Впрочем, посещение курсов приносило заметную пользу. Оно создавало иллюзию деятельности, выступало неким обелиском, на который можно положить взгляд посреди пустыни очередного дня, нечто, к чему следует двигаться и что потом остается за спиной.
К концу месяца зарядил бесконечный дождь, и это представило хороший повод не выходить из дома. Он исчерпал список основных достопримечательностей города за неделю, но продолжал изыскания даже при неустойчивой погоде. В конце концов он осмотрел все мечети, развалины, музеи, цистерны, указанные жирным шрифтом в Голубом Путеводителе. Он посетил кладбище мечети Эйюба, посвятил целое воскресение крепостным стенам, тщательно изучая, хотя и не читал по-древнегречески, надписи, посвященные различным византийским императорам. И все чаще во время своих экскурсий он встречал женщину или ребенка, или женщину и ребенка вместе, так что уже боялся узнать их во всякой женщине и всяком ребенке, попадающихся на глаза в городе. Этот страх не был необъяснимым.
Всегда в девять вечера или позже, в десять, она приходила стучать в заднюю дверь, или, если кто-нибудь с верхних этажей забывал закрыть главный вход, в окно передней комнаты. Она стучала осторожно, тремя короткими ударами, долго ожидая перед повторной попыткой. Случалось, но только когда она стояла во внутреннем дворике, стук сопровождался несколькими словами по-турецки, в основном: «Явуз, Явуз!» Не найдя их в своем словаре, он справился у почтового служащего в консульстве. Это было распространенное турецкое имя, мужское имя.

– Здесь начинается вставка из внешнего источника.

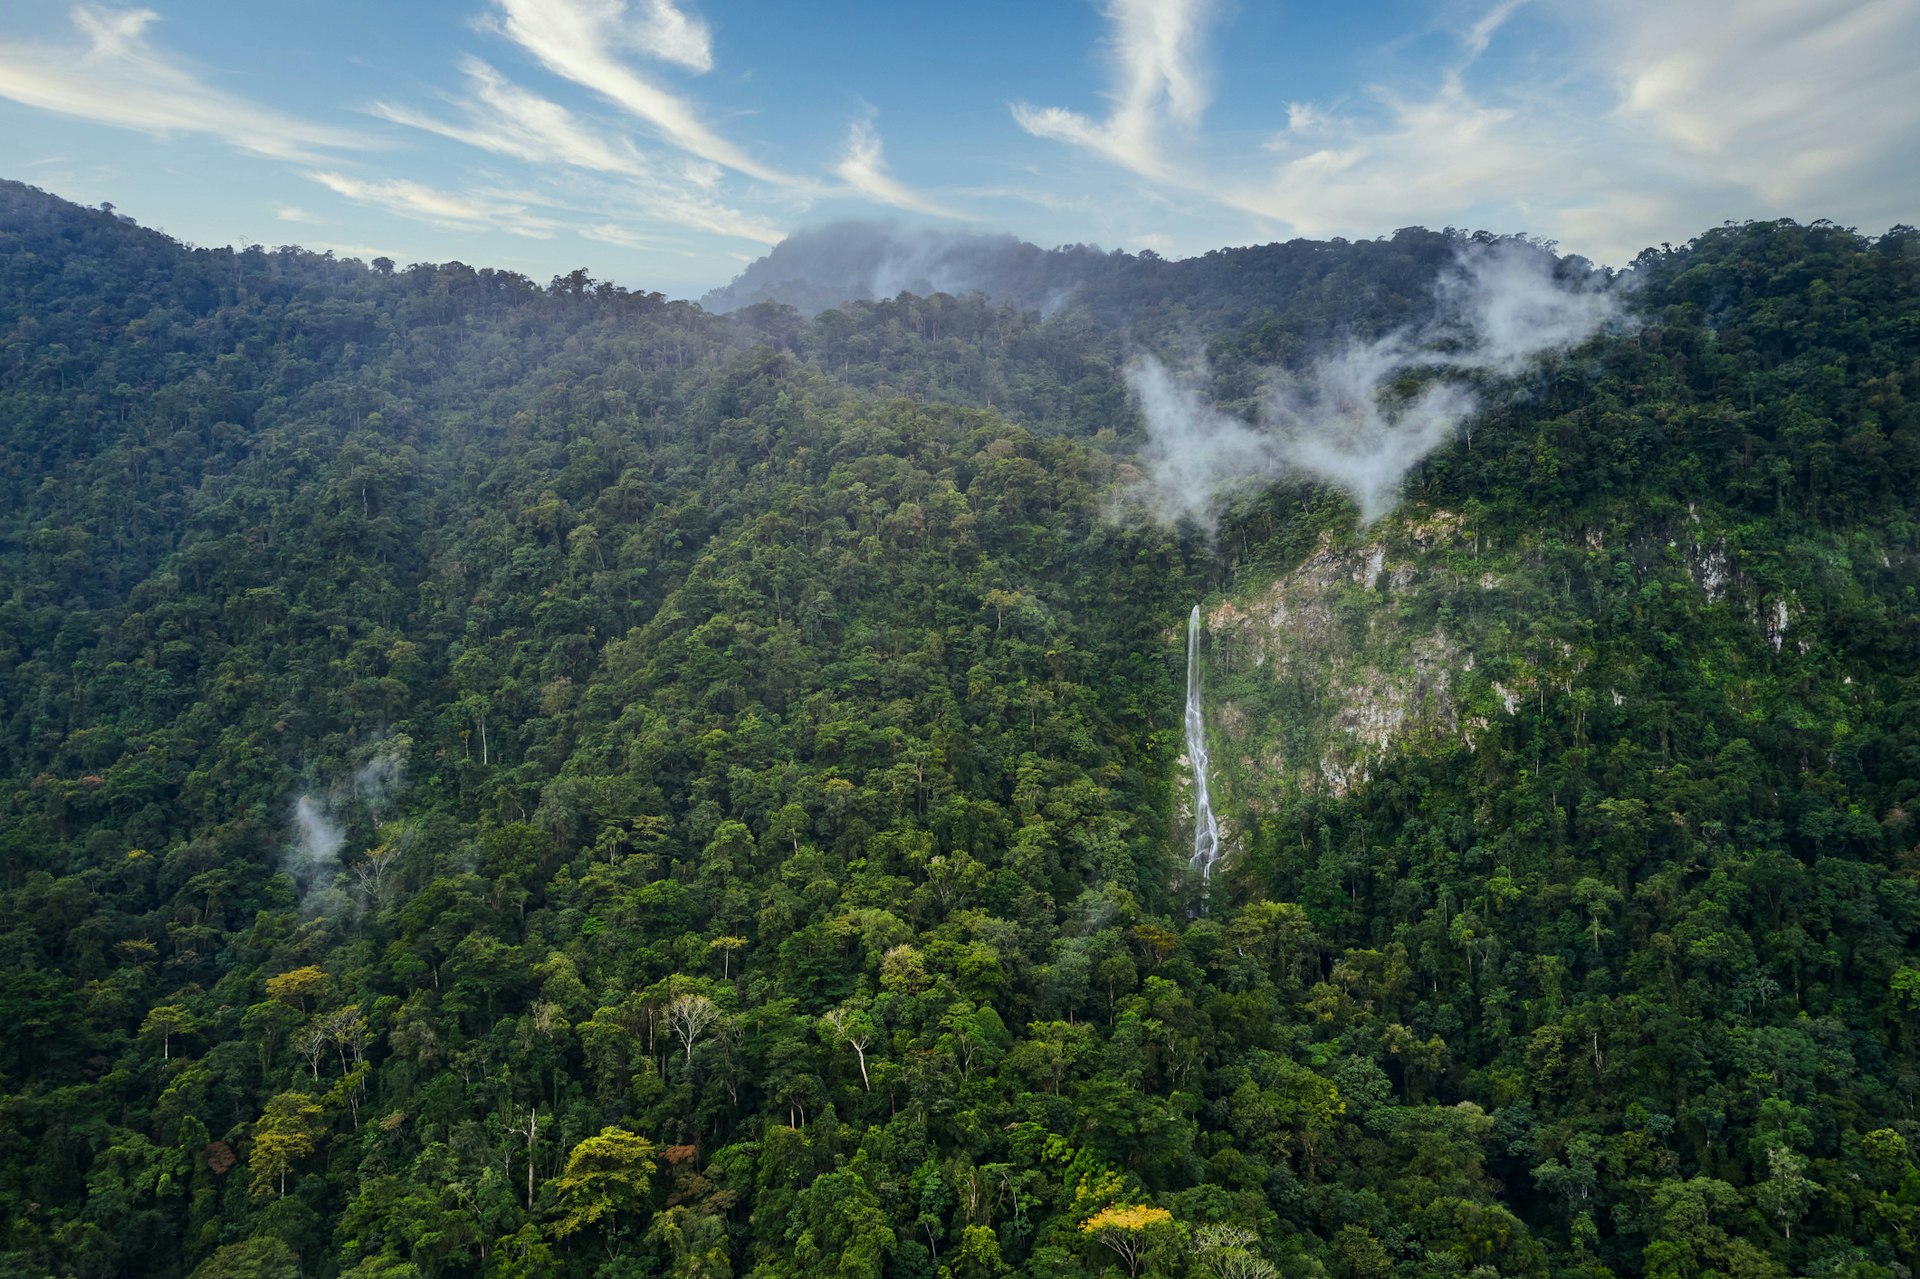 A waterfall in dense jungle

Его же звали Джон. Джон Бенедикт Харрис. Он был американцем.
Она редко оставалась там снаружи дольше получаса, стуча и зовя его или какого-то воображаемого Явуза, и все это время он сидел на стуле в пустой каморке, попивая кавак и наблюдая за паромами, курсирующими по темному проливу между Кабаташем и Ускюдаром, европейским и азиатским берегами Стамбула.
В первый раз он ее увидел у крепости Румели-хиссари. Это произошло в самом начале, когда он ездил записываться в Робертовский колледж. Внеся положенную плату и посетив библиотеку, он возвращался пешком и ошибся обратной дорогой, спускаясь с холма. И таким образом крепость выросла перед ним, грандиозная и невероятно величественная. Он не знал, как она называется: Голубой Путеводитель остался в отеле. Это был черновой вариант крепости, груда угрюмых камней: массивные башни с бойницами, серый Босфор внизу. Он попытался найти место, с которого можно сделать фотографию, но даже издалека она выглядела чересчур большой, чтобы уместиться целиком на снимке.
Сойдя с дороги, он двинулся сквозь сухой бурьян и кусты к тропинке, ведущей, похоже, вокруг крепости.
По мере того как он приближался, стены вздымались все выше и выше. Перед такими стенами мысль о штурме возникнуть не могла.
Он заметил ее с расстояния в пятнадцать метров. Она шла по тропинке, неся объемистый тюк, завернутый в газеты и перевязанный шпагатом. На ней были одежды из пестрого, но выцветшего ситца, обычного для самых бедных горожанок, но она не стала, подобно большинству женщин ее положения, закрывать лицо шалью, обнаружив его присутствие.
Хотя, возможно, традиционному жесту стыдливости помешал тюк в ее руках, во всяком случае, встретившись с ним взглядом, она тут же опустила глаза и смотрела уже только под ноги. Нет, решительно нельзя было увидеть никакого предвозвещающего света в этой первой встрече.
Когда они столкнулись, он сошел с тропинки, и она что-то пробормотала по-турецки. Спасибо, вероятно. Он смотрел ей вслед, пока она не свернула на дорогу, гадая, оглянется ли она на него. Она этого не сделала.
Следуя вдоль крепостной стены, он спустился с крутого каменистого склона холма и выбрался на береговое шоссе, так и не найдя входа. Мысль о том, что того, возможно, вообще нет, его позабавила. Между водой и стеной пролегала лишь лента автострады.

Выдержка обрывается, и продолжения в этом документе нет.